RİZE’YE GELEN İSRAİLLİ  ARTIŞI DİKKAT ÇEKİCİ
 
 Her yaz mevsiminde bitki casusluğun arttığını, bununla ilgili birçok haberin medyada görülebileceğini anlatan Düzenli, ‘’Kaçakçılar akla hayale gelmedik yöntemlere başvururken daha çok da turist kimliğini kullanıyorlar. Turist kimliği adı altında dağlarımıza yaylalarımıza gezmeye gelen şahıslar aslında birer bitki kaçakçısıdır’’ diye konuştu. Düzenli, Rize Turizm Müdürlüğü’nün verilerine göre, Rize’ye gelen turistlerin ülkelere göre dağılımları incelendiğinde, İsraillilerin artışının dikkat çekici olduğunu belirterek, şunları kaydetti: ‘’Yerli halk ve yaylacılık yapan insanlar bu konularda bilgi sahibi olmadığından, ‘turist’ dediğimiz kişiler bu insanlara iyi niyetle yanaşıp, çiçeklerin ve bitkilerin yerlerini rahatlıkla öğrenebiliyorlar. Çoğu ülkede bitki kaçakçılığına karşı sıkı önlem alınıp, bitkilerin yoğunlukta olduğu bölgelerde giriş ve çıkışlar kontrol edilirken ülkemizde hiçbir denetimin olmaması casusların işine yarıyor.’’
 
 
İŞİN İÇİNDE ULUSLAR ARASI İLÂÇ FİRMALARI DA VAR
‘’Vaktiyle Bergama’daki koskoca Zeus Sunağı’nı aşırmayı başaran Avrupalılar, fırsat buldukça canlı türlerimize de aynı aç gözlülükle yaklaşmaktadır.

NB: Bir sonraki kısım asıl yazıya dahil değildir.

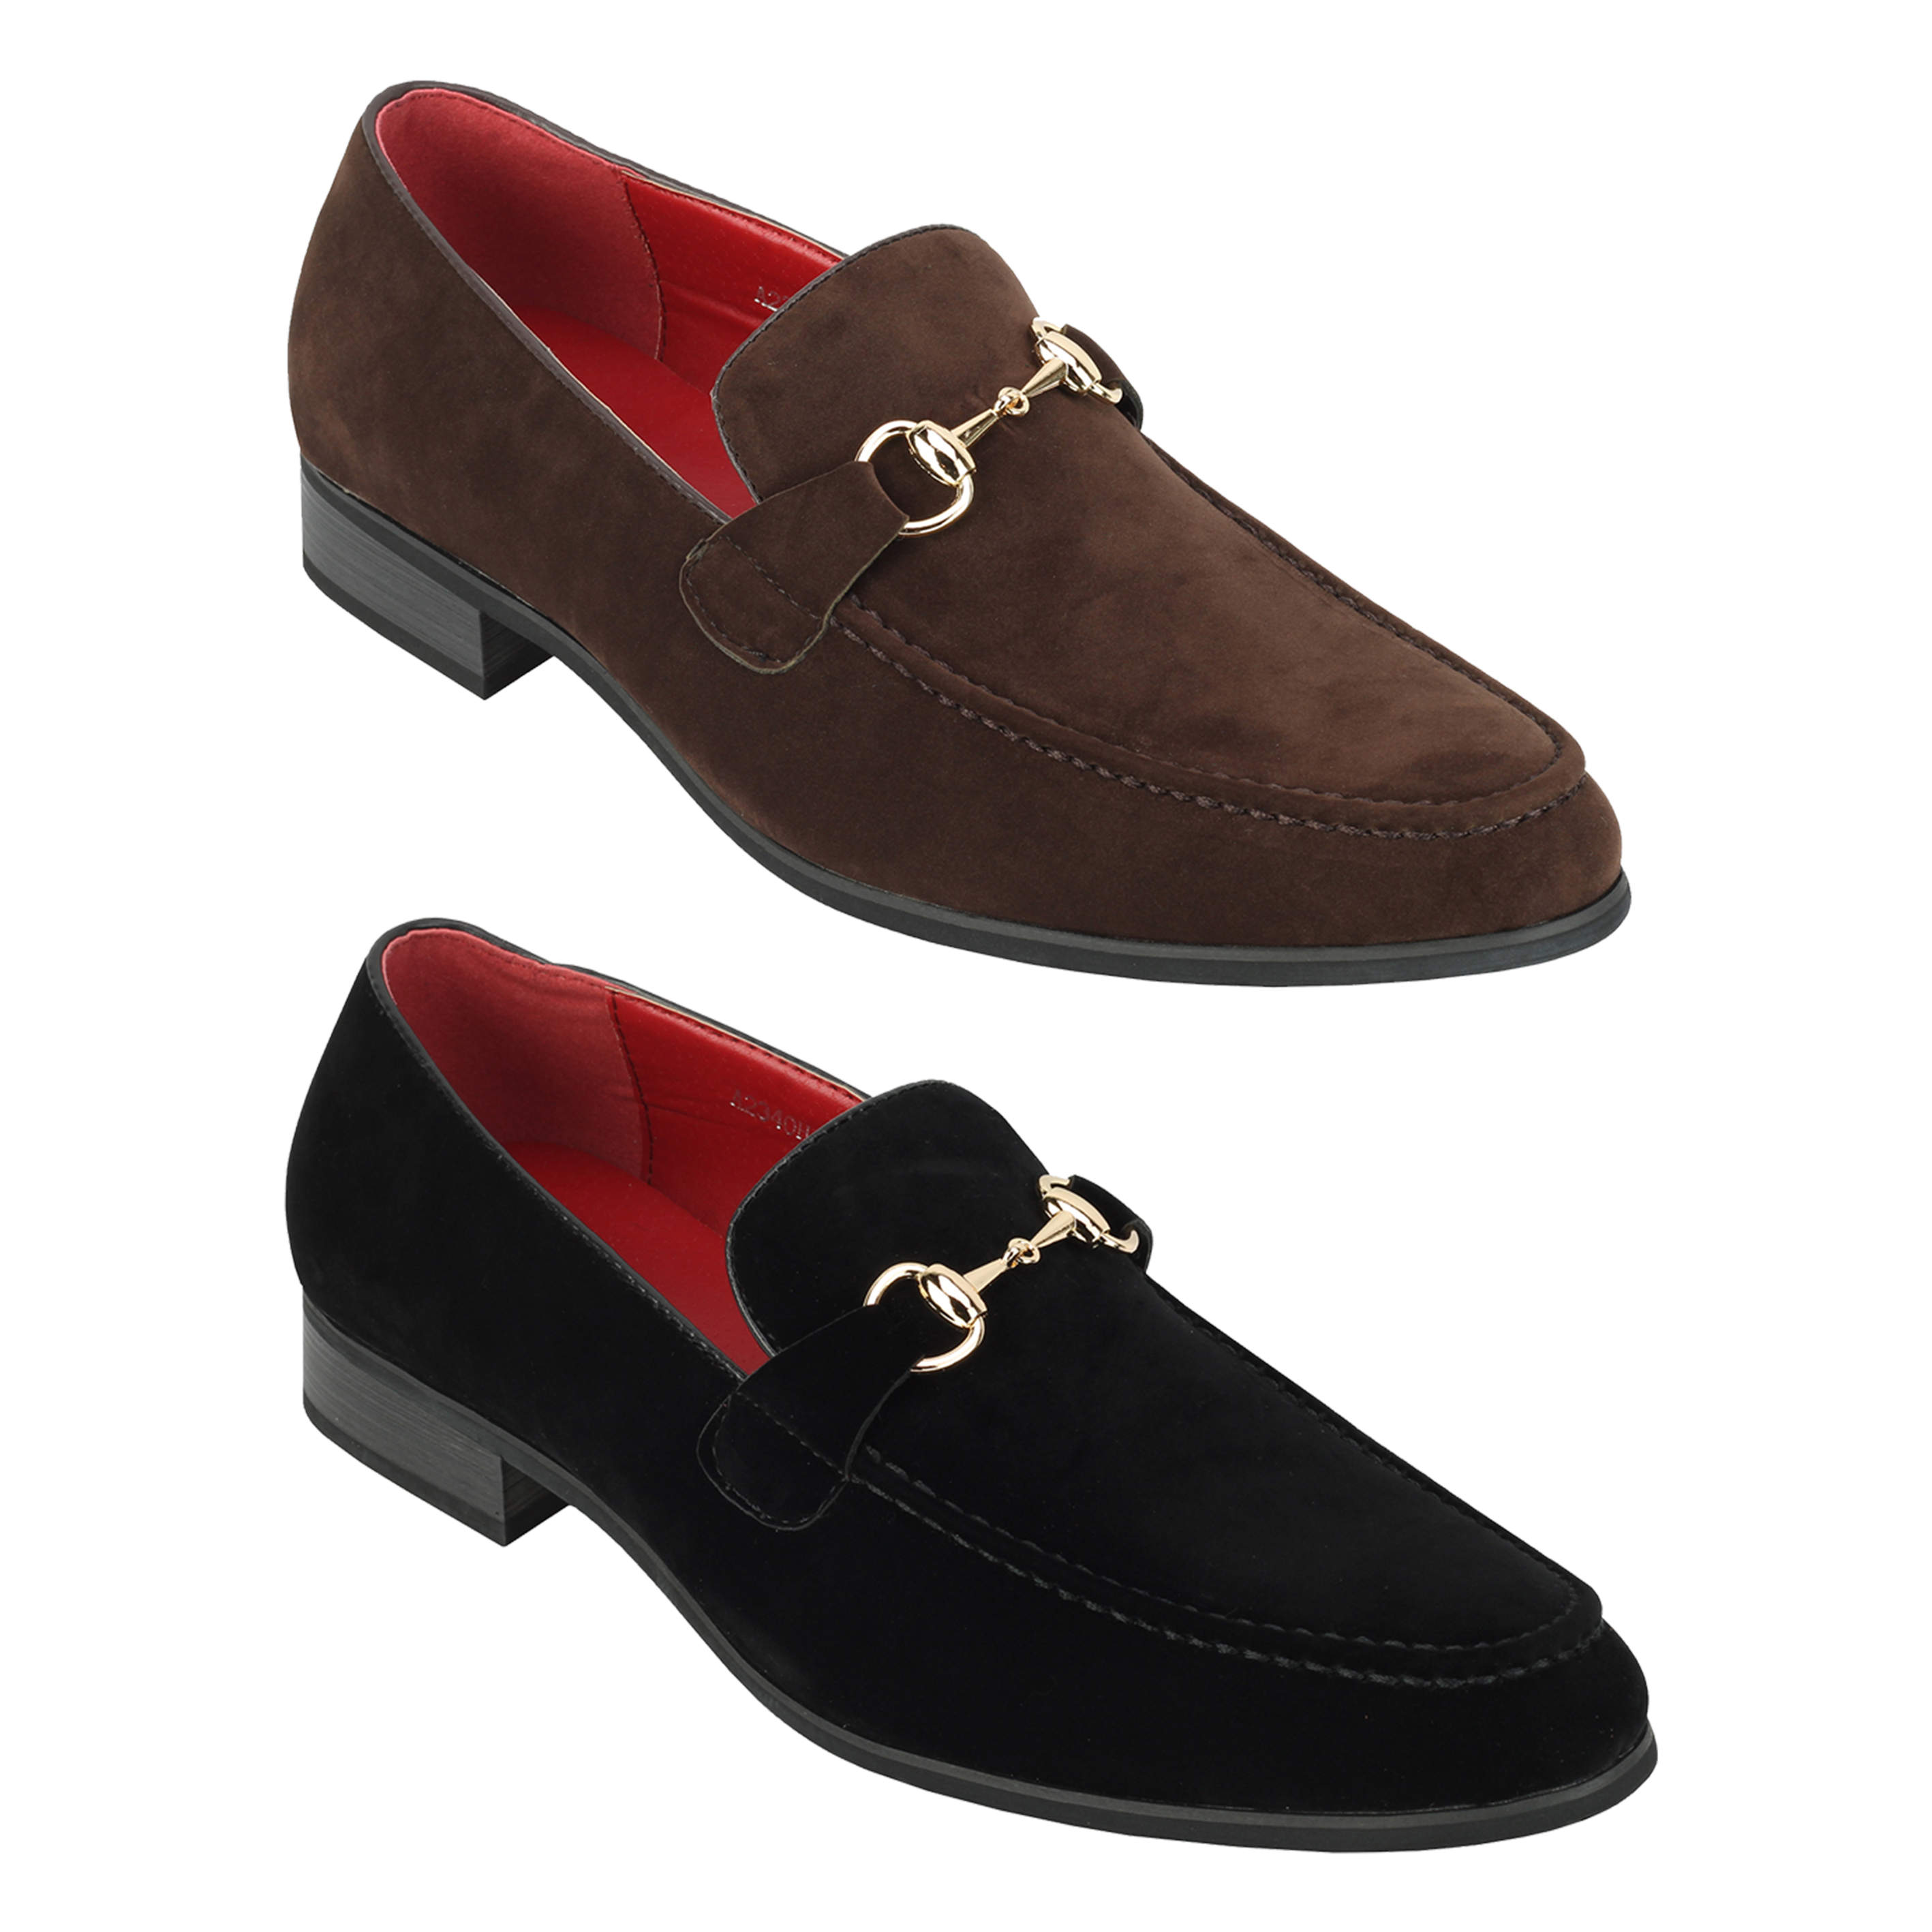 Mens Horsebit Loafers Suede Leather Lined Slip on Classic Driving Shoes ...

Bunu yaparken de Türkiye’deki yasal boşluklardan ya da ilgisizlikten yararlanıyorlar’’ diyen Düzenli, bazı Türk bilim adamı meslektaşlarının da farkında olmadan casuslarla işbirliği yaptığını, kaçakçıların, yurt dışına eğitim için giden öğrencileri bile kullanarak çok özel bitki materyallerini ele geçirdiklerini kaydetti. Kaçakçıların turist gibi gelerek tabiat turları ya da kamplarda topladıkları bitkileri kargo yoluyla ülkelerine gönderdiklerini vurgulayan Düzenli, kara yoluyla gelen bitki ajanlarının ise araçlarına özel bölmeler yaptırdıklarını ileri sürdü. Düzenli, Türkiye ilâç ve kozmetik ürünlerinin hammaddesi olan 4 bine yakın endemik bitki türü ile endemik olmayan çok sayıda bitkinin gen merkezi olmasının kaçakçıların iştahını kabarttığını kaydetti.